Tras la armadura cogí un reló de bronce, y al llevarlo sobre mí sentía el palpitar de su máquina. El pobrecillo andaba, vivía; aquel artificio que tanto se parece a un ser animado, aquella obra de los hombres que parece obra de Dios, y que ha sido inventada por la ciencia y adornada por las artes para uno de los más útiles empleos de la vida, iba a perecer a manos del hombre mismo, sin haber cometido más crimen que el de marcar las horas… ¿Pero a qué vienen estas consideraciones hechas ante la hoguera del rencor? Aunque me daba lástima del relojito, y lo estrechaba contra mi pecho escuchando su latido que iba a extinguirse, arrojelo al fin, y las mil piezas de su máquina ingeniosa repercutieron sobre el suelo. Al reló siguieron cuantas baratijas encontré a mano, entre ellas guantes perfumados, un estuche de marfil, pequeñas estatuas de alabastro y después unos mapas del Asia, libros lujosamente encuadernados que sin duda los muy necios se creían libres de la Inquisición, unas pantuflas, cuatro casacas con galones de plata y oro y el pupitre en que dos días antes se había extendido mi recomendación. ¡Fortuna, vil prostituta, por qué te invocan los hombres!

X

Cuando revolvía uno de los armarios, aparecieron varias cruces; pero algunos de los presentes, ni aun me permitieron tocarlas, y pusiéronlas todas en una bandeja de plata, para entregarlas, según decían, al Rey en persona.
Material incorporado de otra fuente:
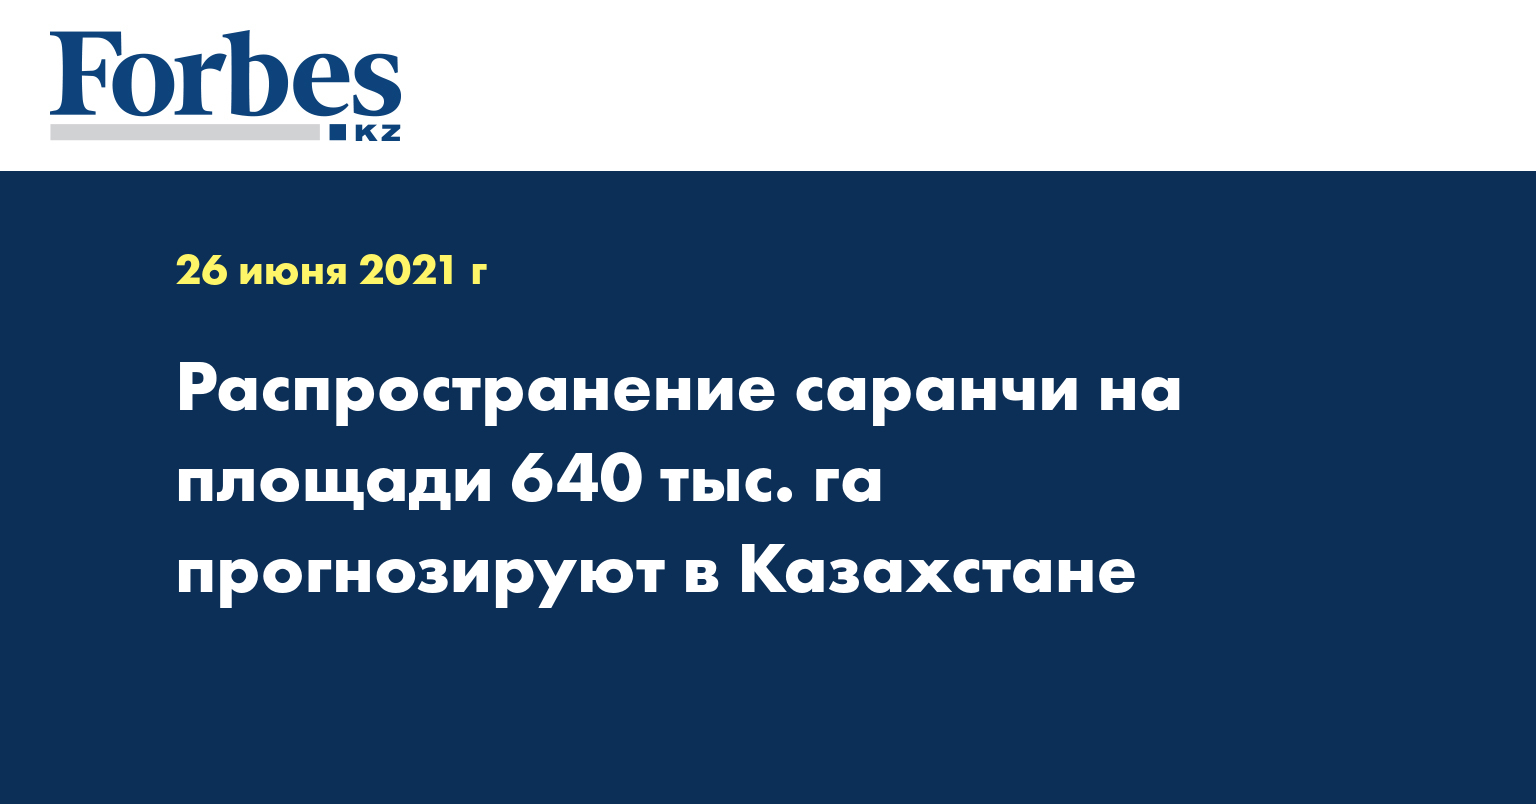 Распространение саранчи на площади 640 тыс. га. прогнозируют в Казахстане

Lo más singular de la determinación de aquellos cortesanos tiznados con el hollín de la demagogia, era que disputaban sobre quién debía llevarlas, pues ninguno quería ceder a los demás semejante honor. Uno de ellos venció al fin; y no quisiera equivocarme, pero me pareció reconocer al señor de Mañara.

Con el crecer de la llama parecía que cobraban nuevos bríos los quemadores, si bien puede atribuirse este fenómeno a que algunos zaques dieron vuelta a la redonda, humedeciendo los secos paladares, y alegrando los ánimos que un trabajo tan penoso como patriótico, había comenzado a abatir. Creí oír la voz de Pujitos obligado nuevamente por sus amigos políticos a tomar la palabra; pero no, era Santurrias, que teniendo en la izquierda la bota y en la derecha mano un leño encendido, pronunciaba sentidas frases en loor del pueblo y del Rey, ambos en buen amor y compaña, para bien del reino; y añadía que el endino Príncipe de la Paz estaba bien castigado, puesto que eran ya cenizas todos los muebles que robó al reino, y que de aquí palante, es decir, en lo sucesivo, no habría más menistros pillos y lairones.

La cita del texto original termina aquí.